─── Data below
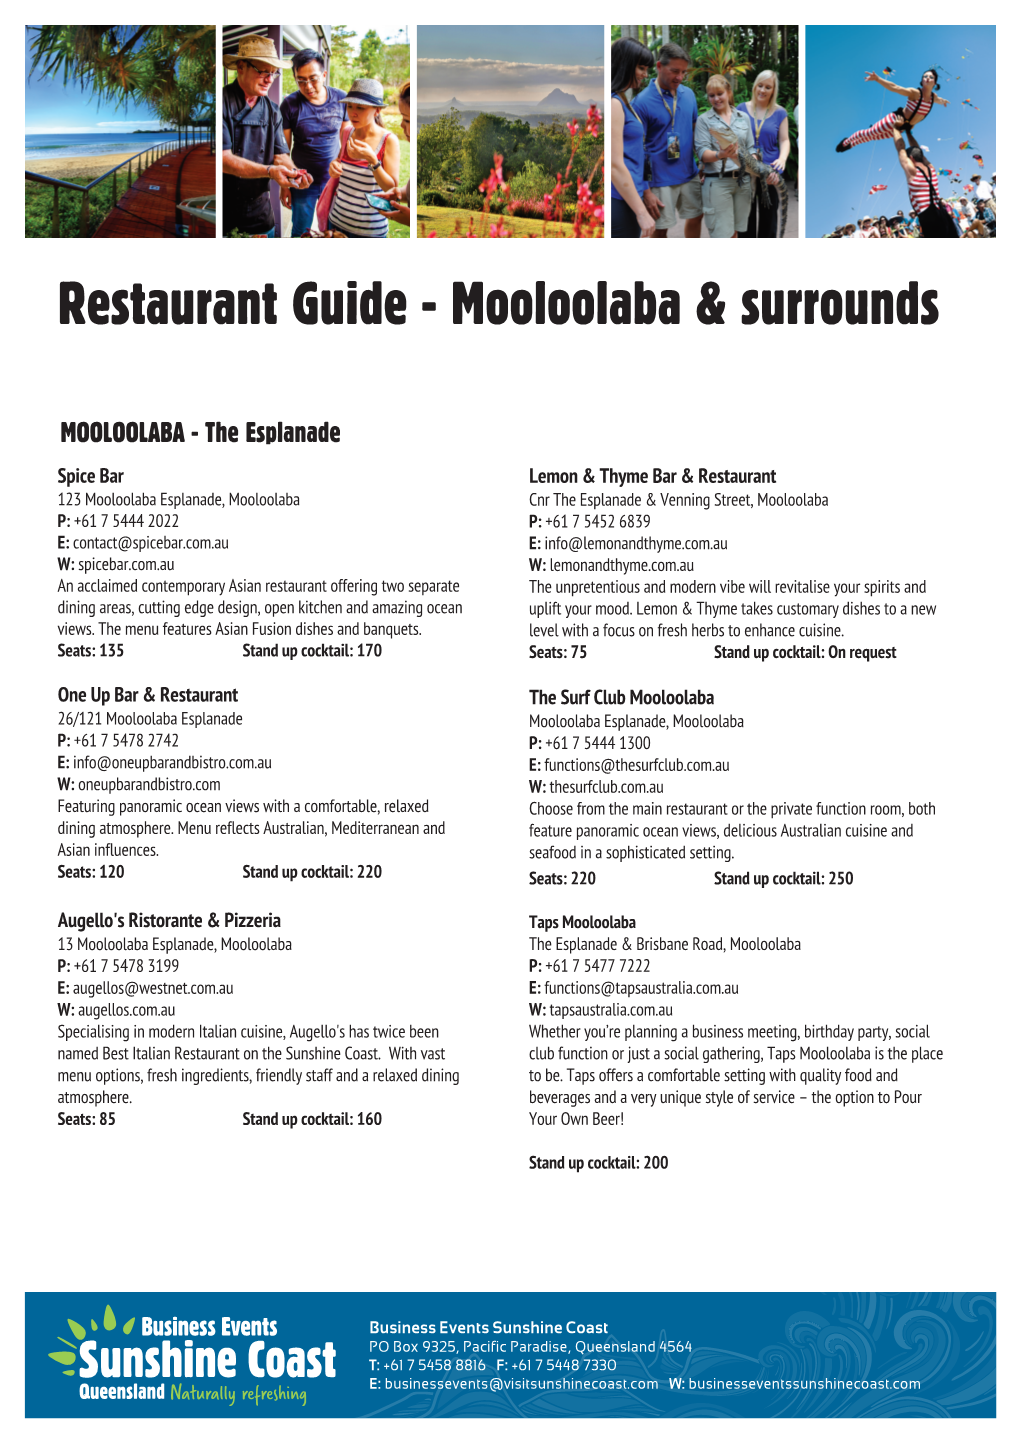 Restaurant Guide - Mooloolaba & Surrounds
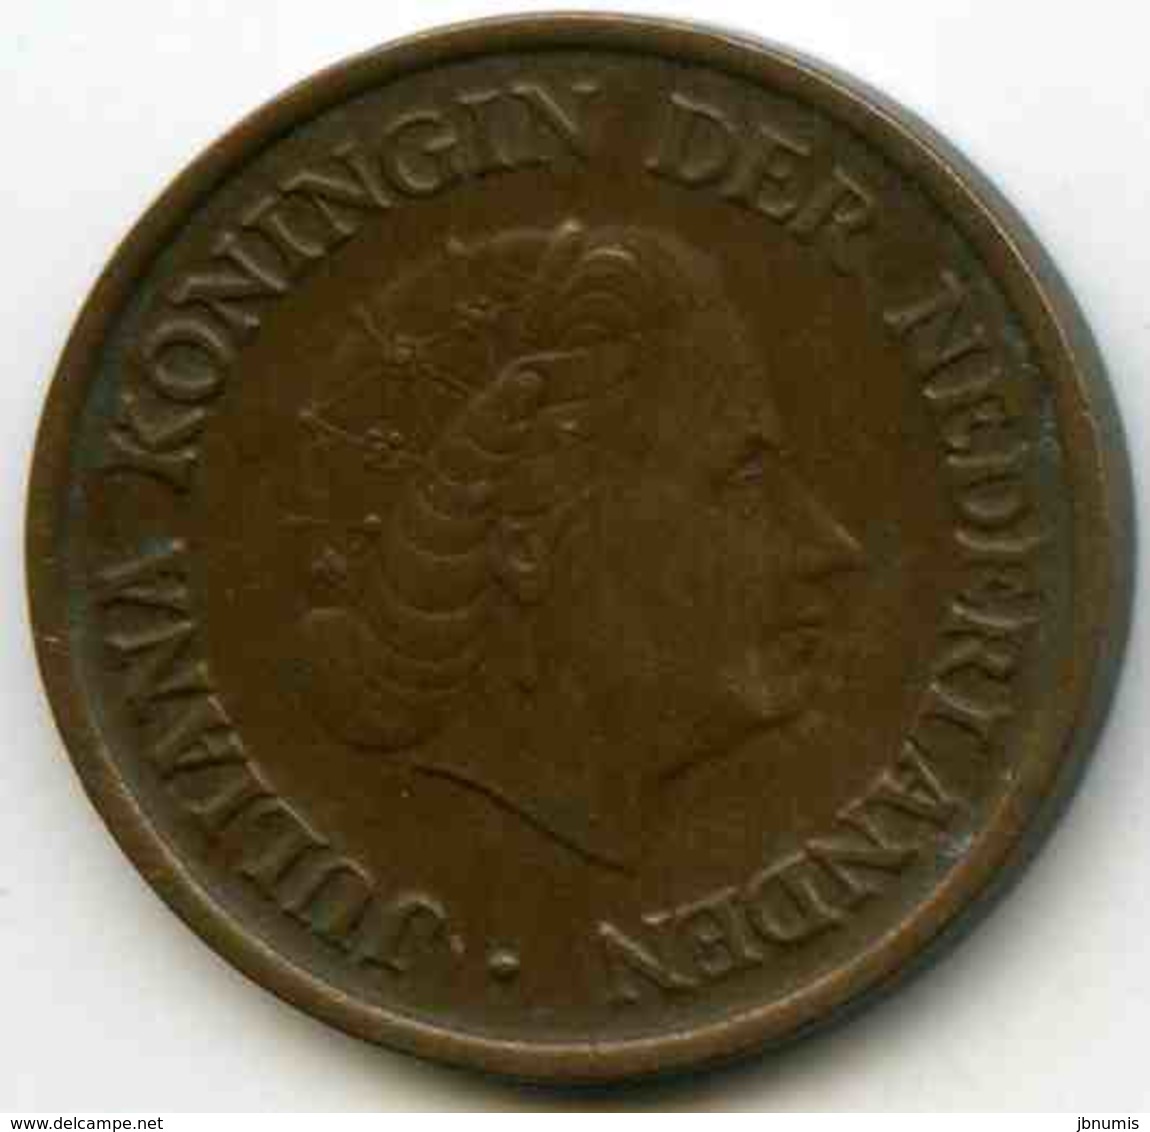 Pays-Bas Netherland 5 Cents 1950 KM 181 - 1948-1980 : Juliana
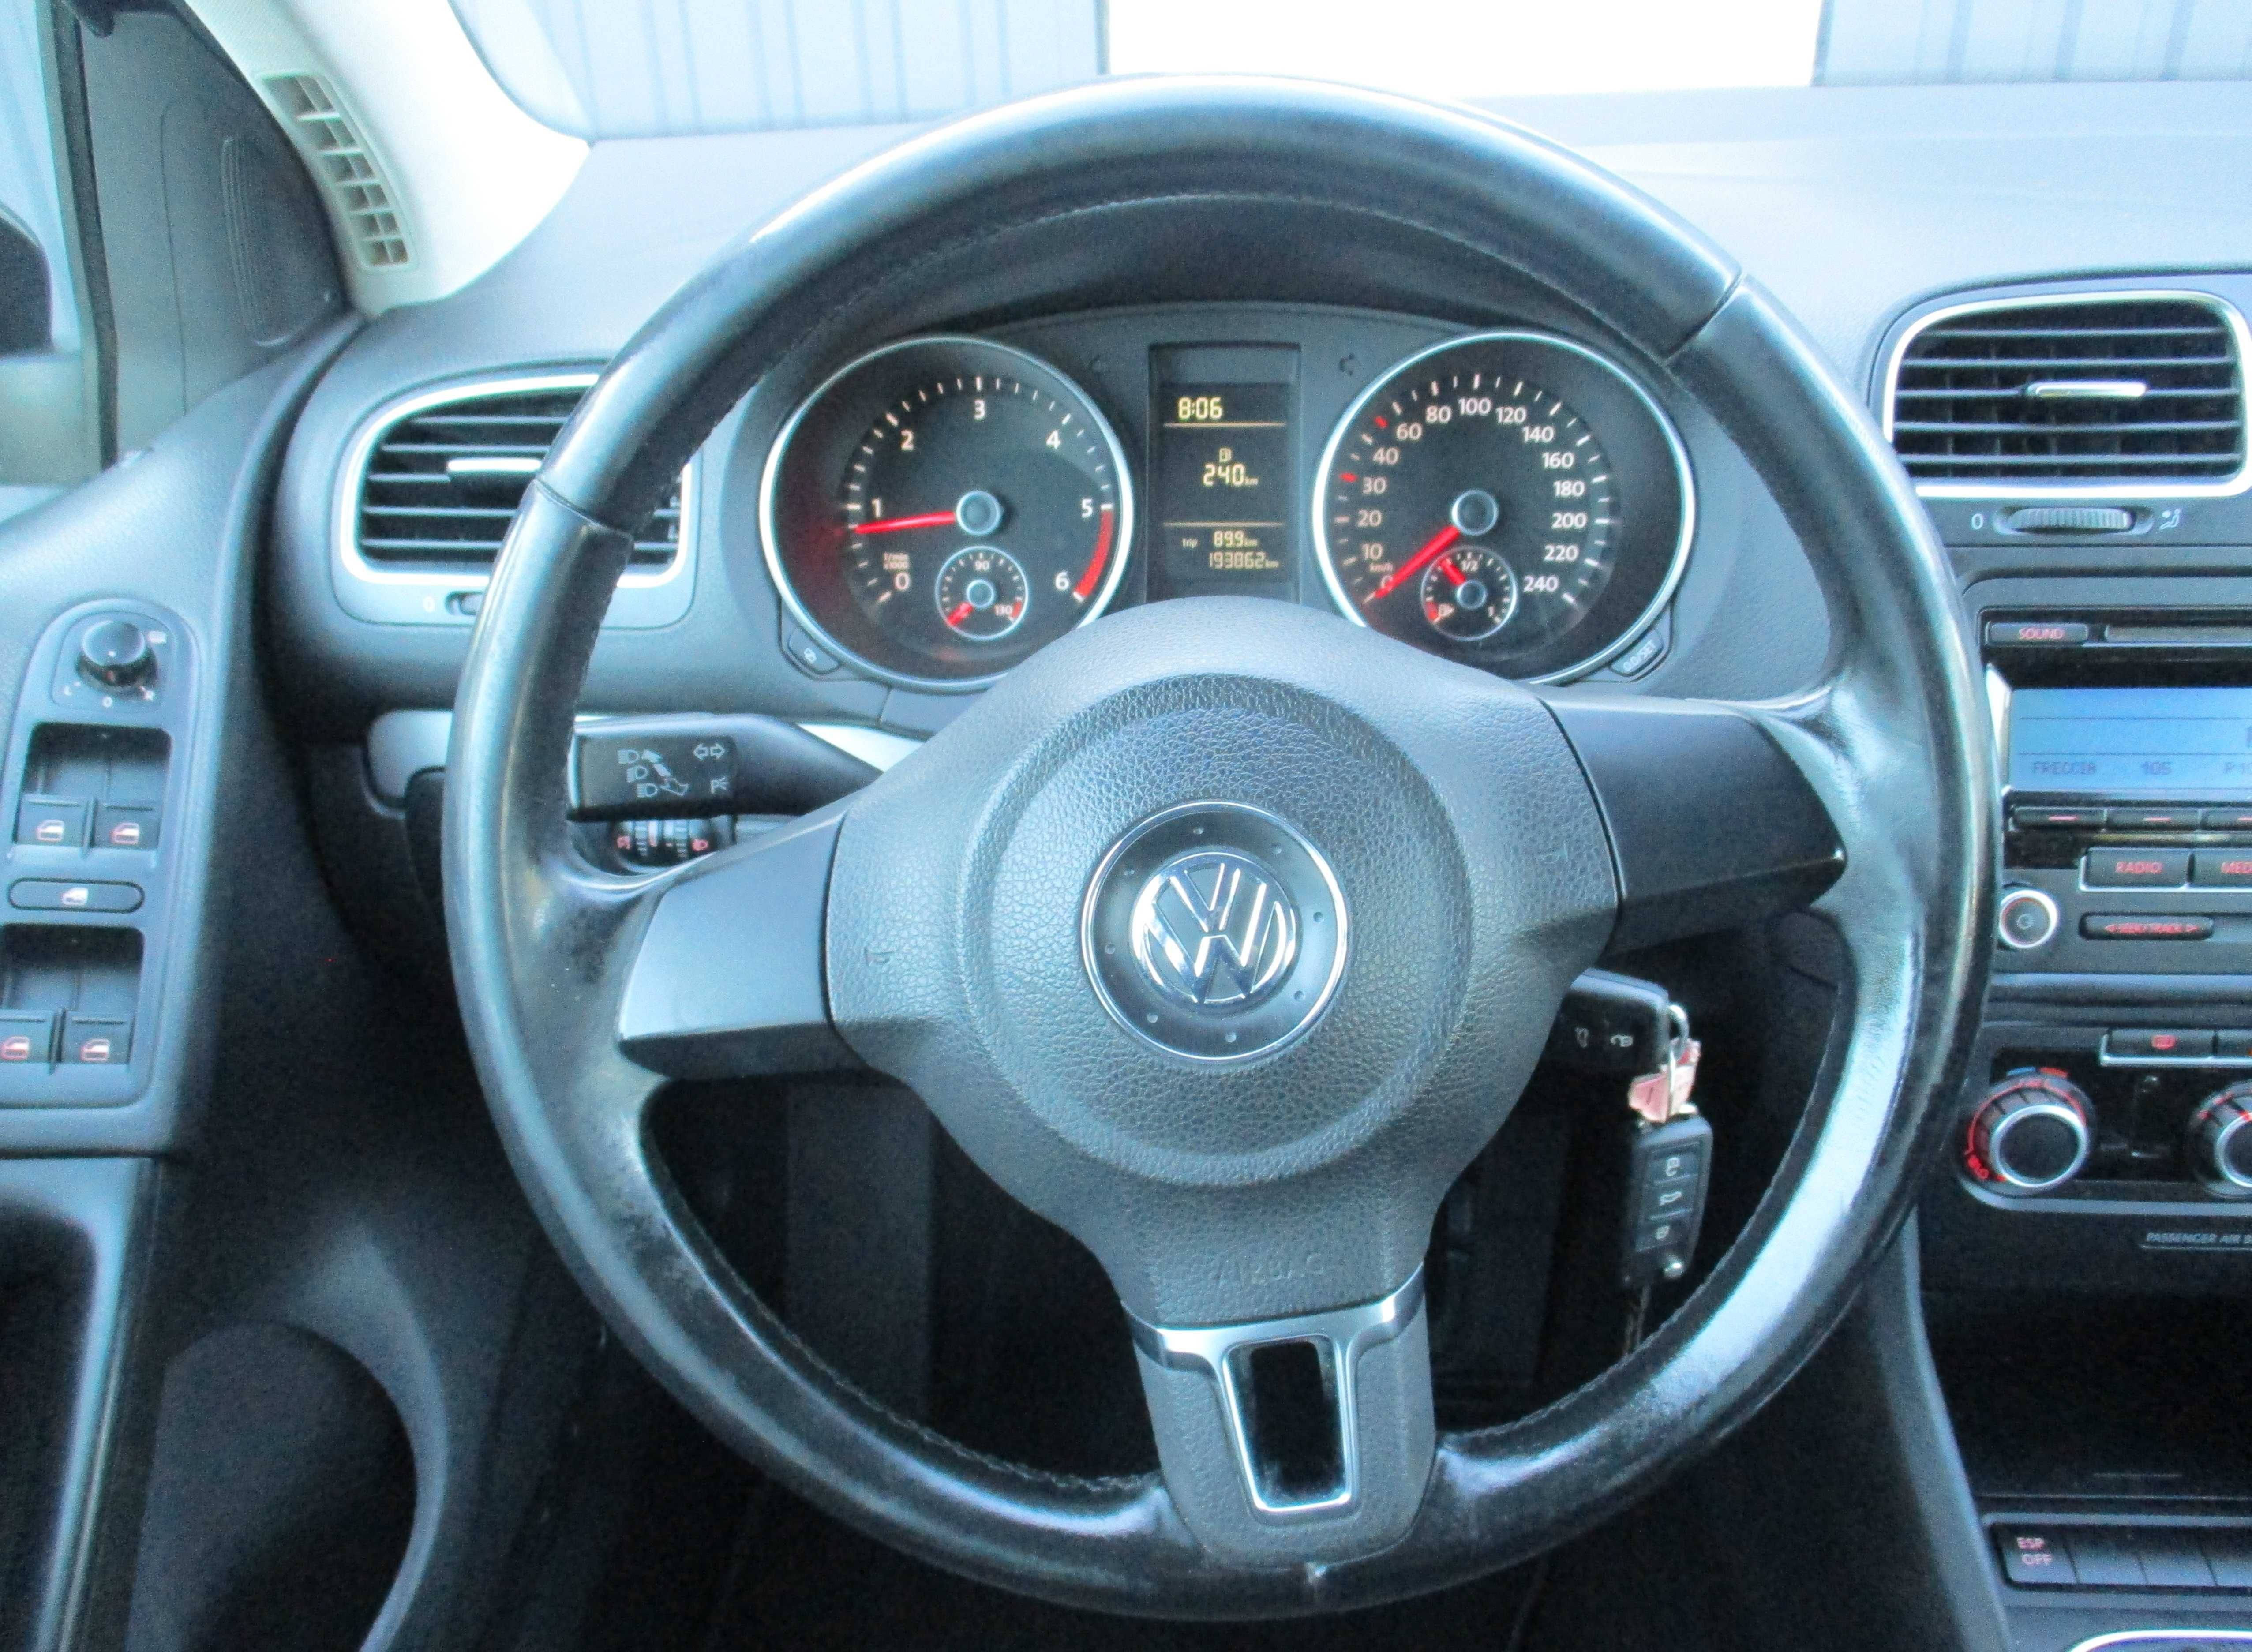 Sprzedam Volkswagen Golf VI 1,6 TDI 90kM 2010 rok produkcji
──────
- _What needs to be done_:
Are you able to set down all the lines above exactly, without any pictures?

- _Answer for this exercise_:
 Restaurant Guide - Mooloolaba & Surrounds
 Pays-Bas Netherland 5 Cents 1950 KM 181 - 1948-1980 : Juliana
 Sprzedam Volkswagen Golf VI 1,6 TDI 90kM 2010 rok produkcji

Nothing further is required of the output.